(Beginning of Excerpted data)
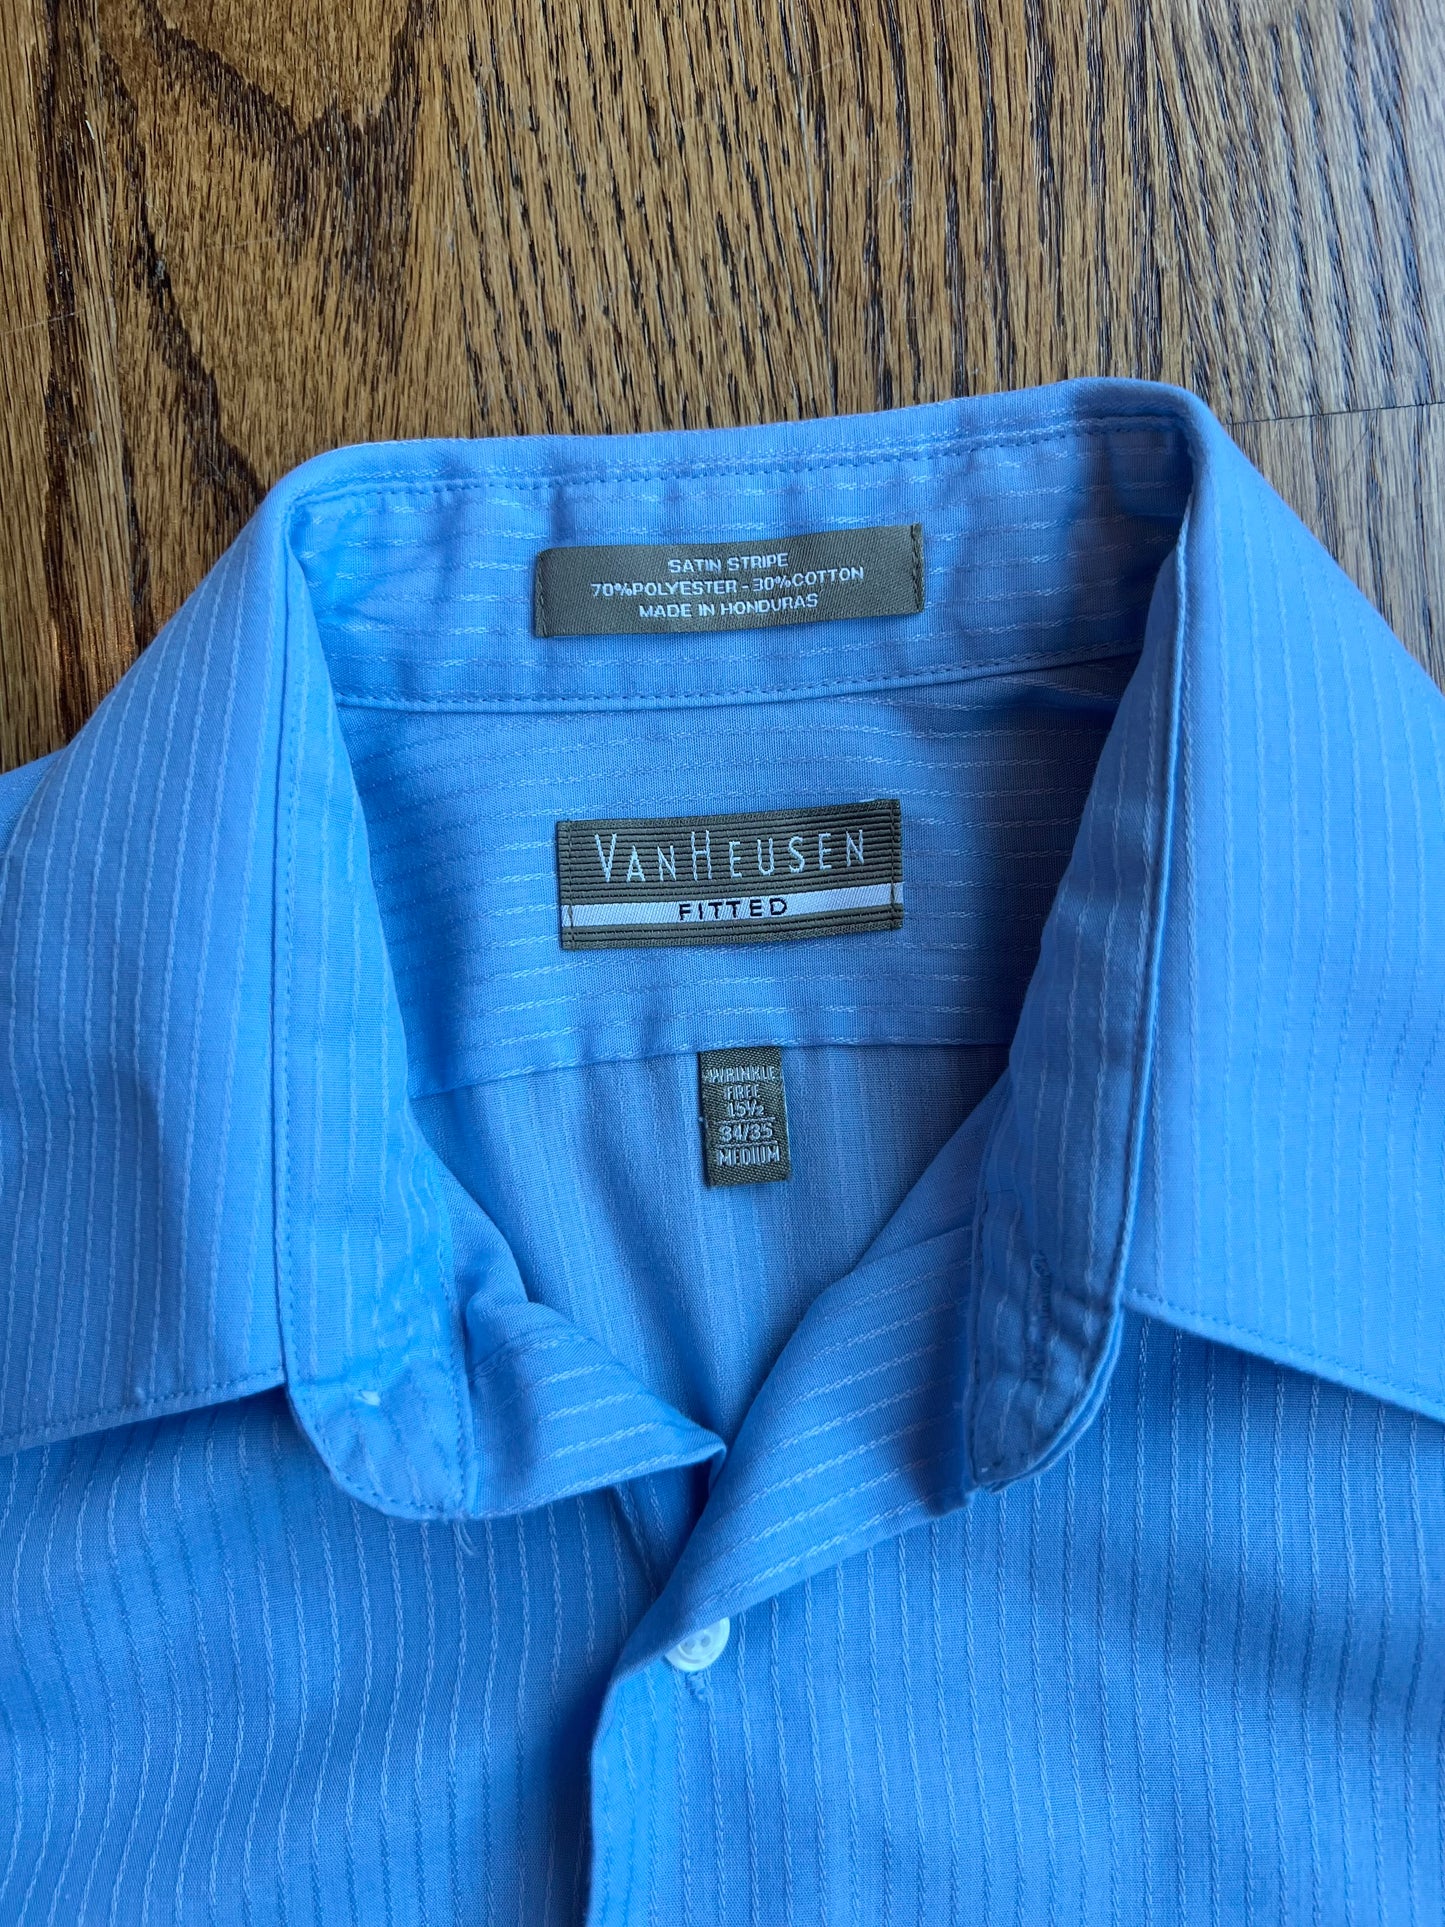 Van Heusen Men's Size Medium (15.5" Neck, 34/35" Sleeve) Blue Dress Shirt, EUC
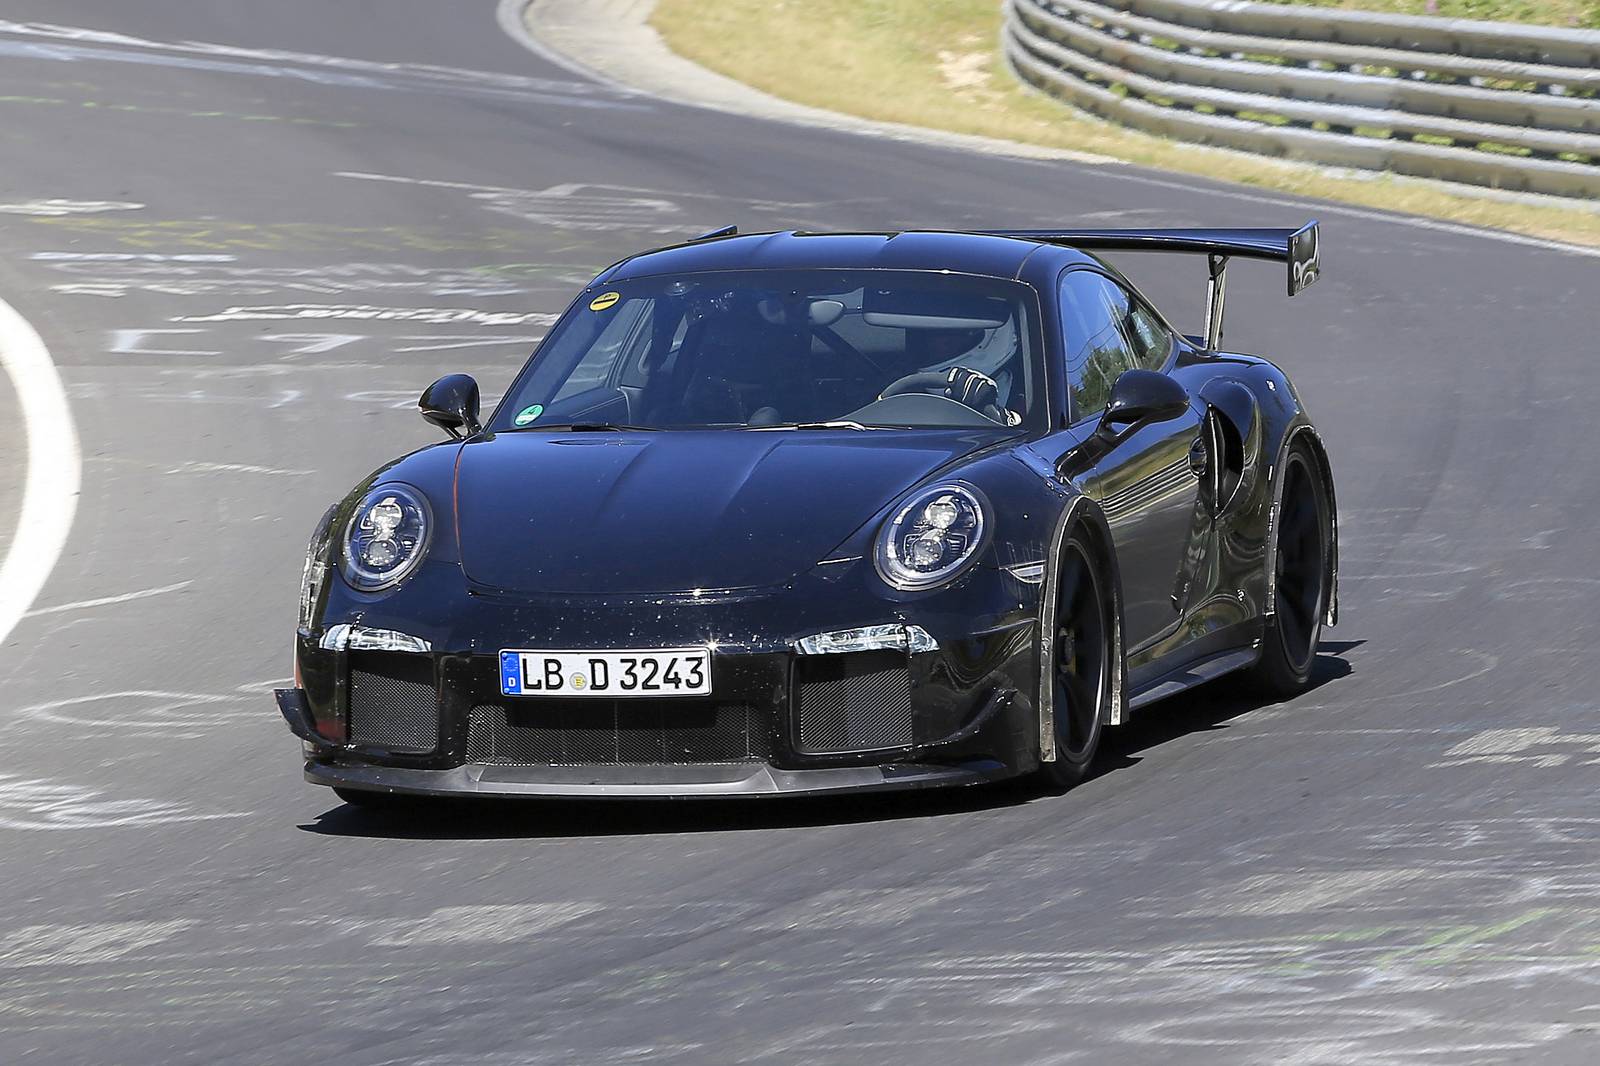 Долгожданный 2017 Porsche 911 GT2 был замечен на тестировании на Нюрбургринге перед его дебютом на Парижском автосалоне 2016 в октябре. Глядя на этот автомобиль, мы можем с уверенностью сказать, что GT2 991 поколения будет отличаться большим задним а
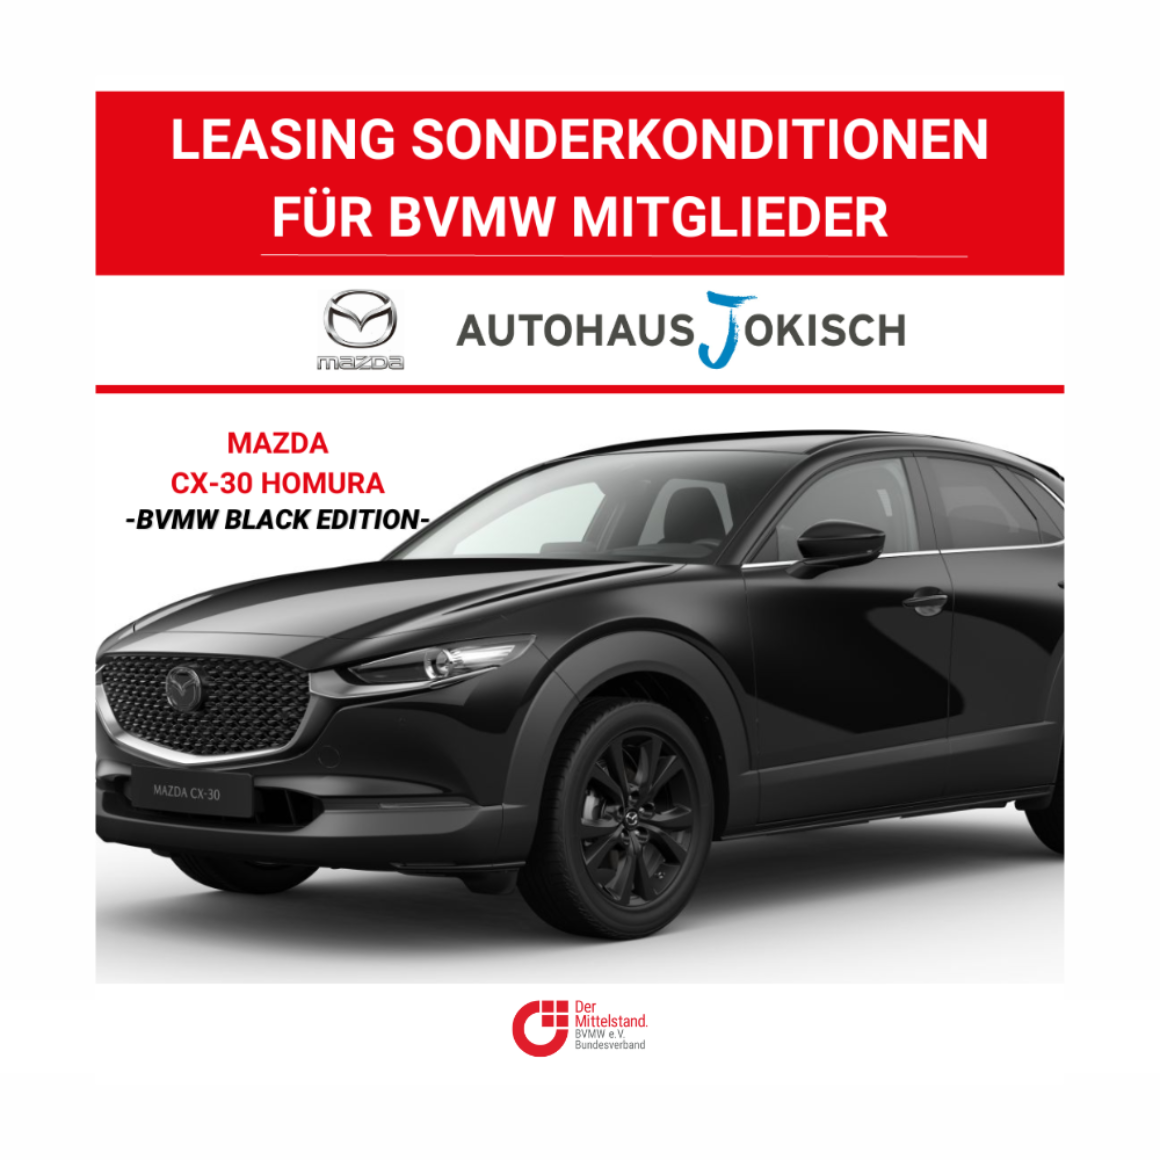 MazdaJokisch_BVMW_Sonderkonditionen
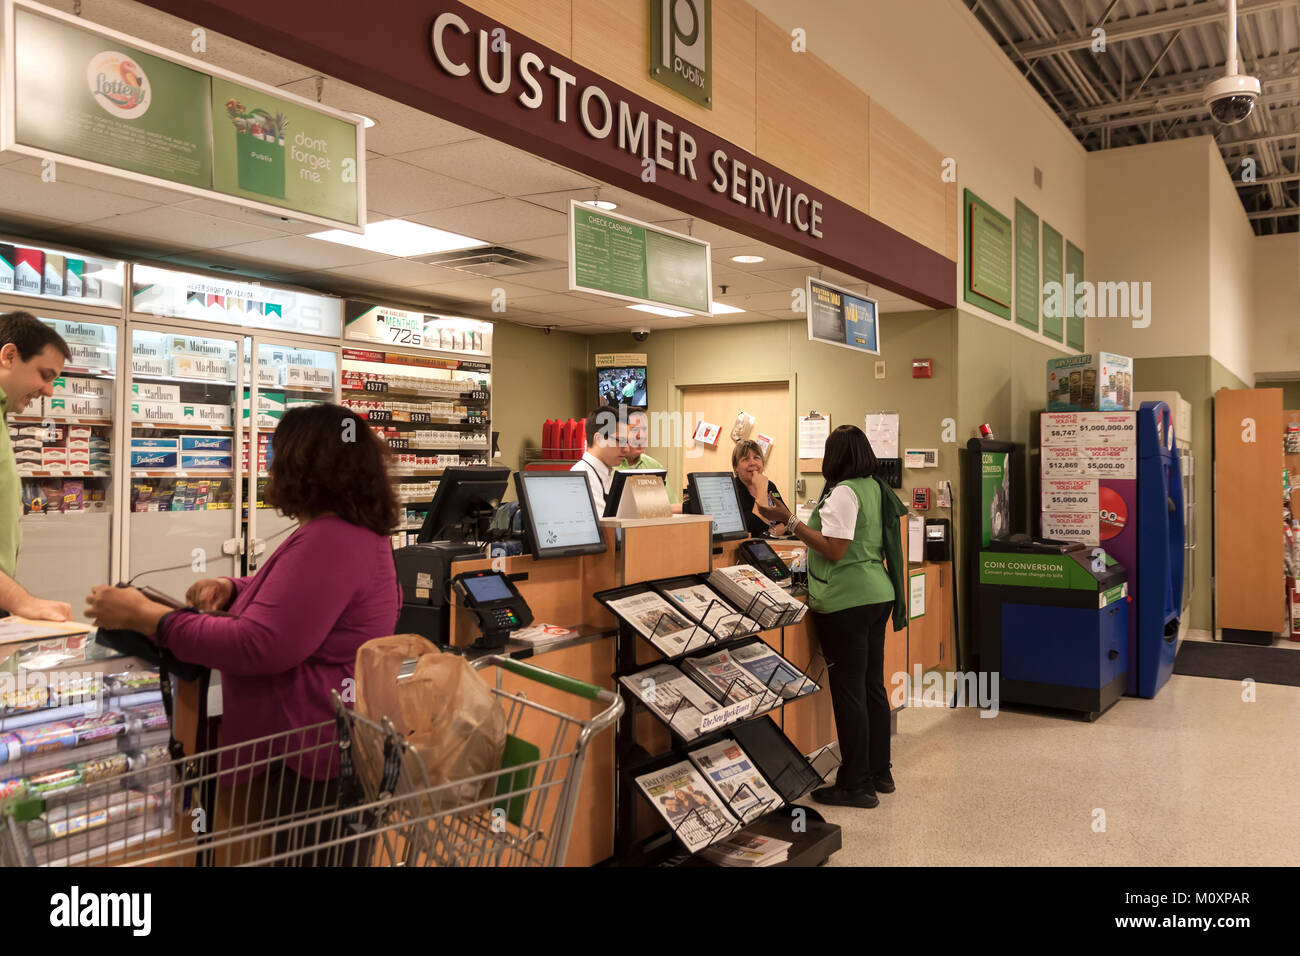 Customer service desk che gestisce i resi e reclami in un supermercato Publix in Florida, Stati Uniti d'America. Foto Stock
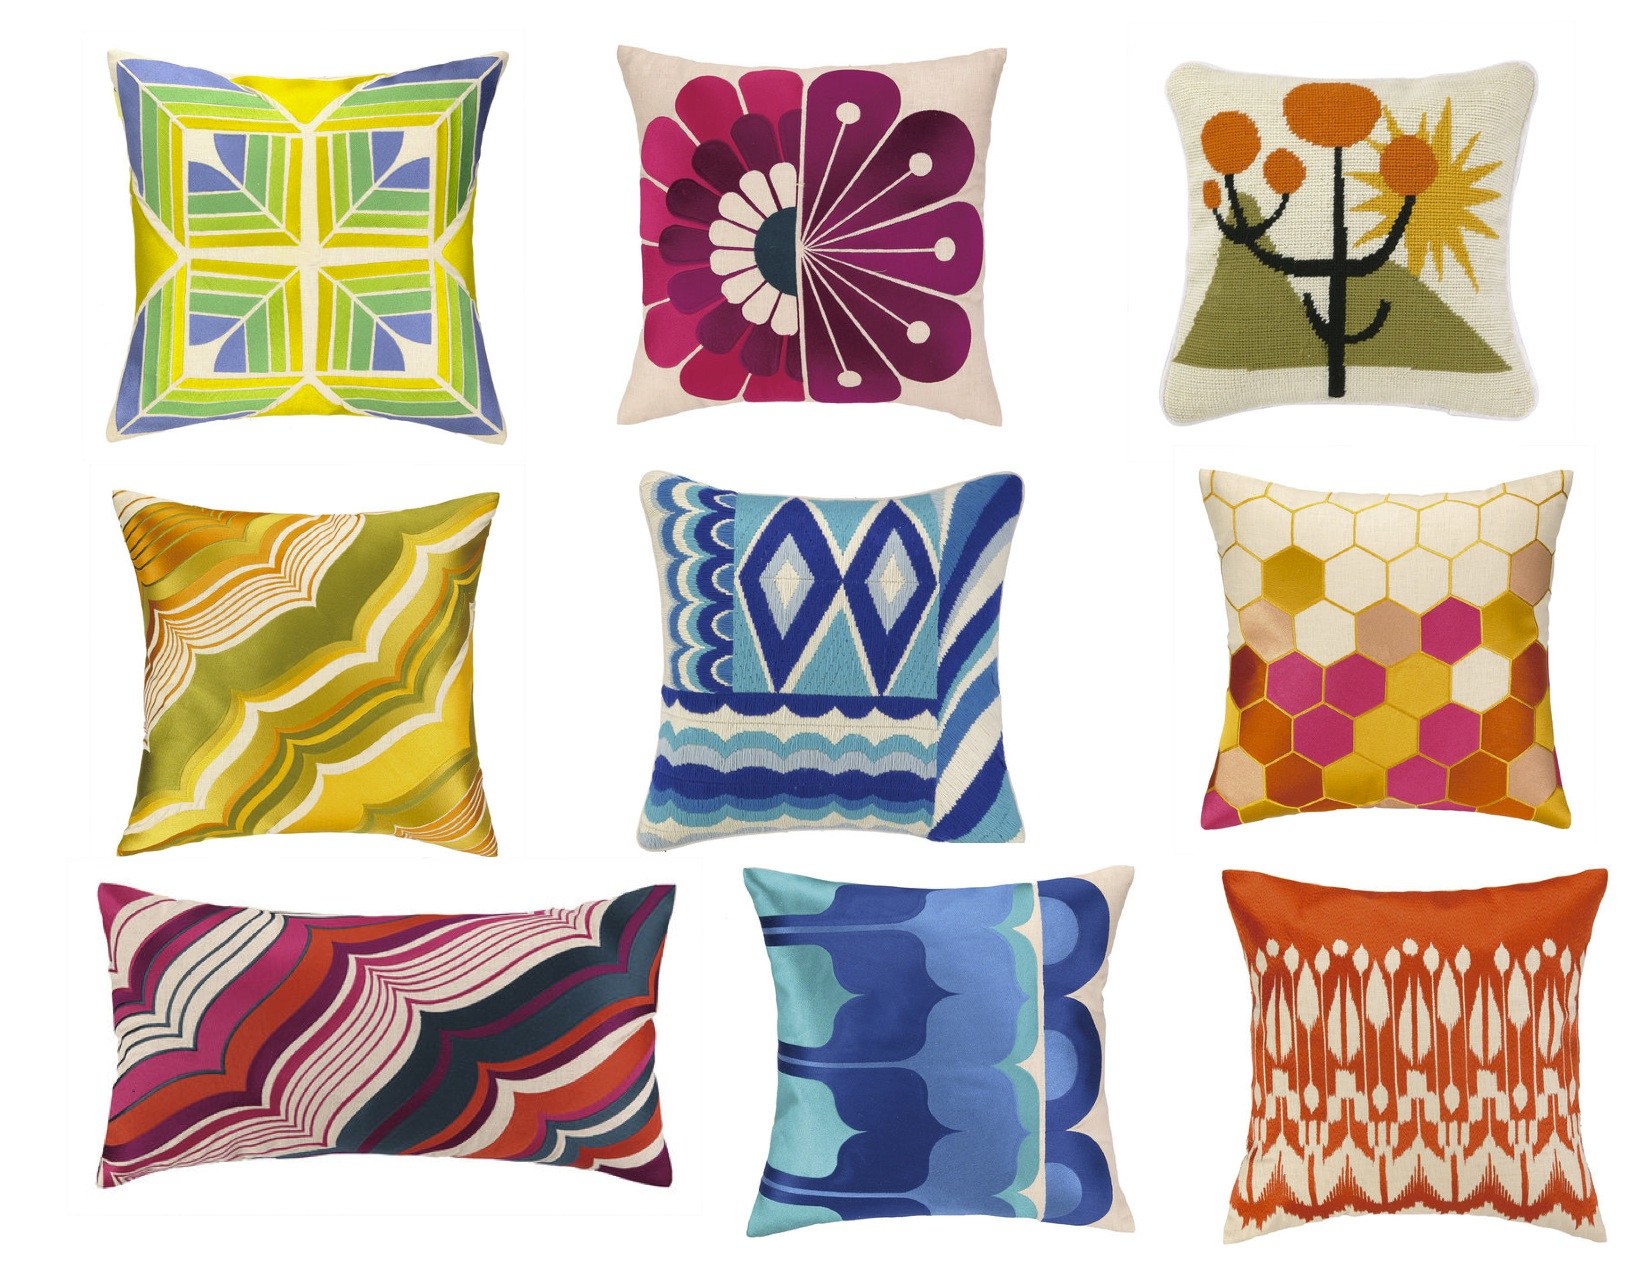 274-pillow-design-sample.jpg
(End of Excerpted data)
The problem: When you reach the line with "MazdaJokisch_BVMW_Sonderkonditionen" in the entries above, start copying, and go on word for word to the last line; skip any picture.

Task response:
 MazdaJokisch_BVMW_Sonderkonditionen
 Customer service desk che gestisce i resi e reclami in un supermercato Publix in Florida, Stati Uniti d'America. Foto Stock
 274-pillow-design-sample.jpg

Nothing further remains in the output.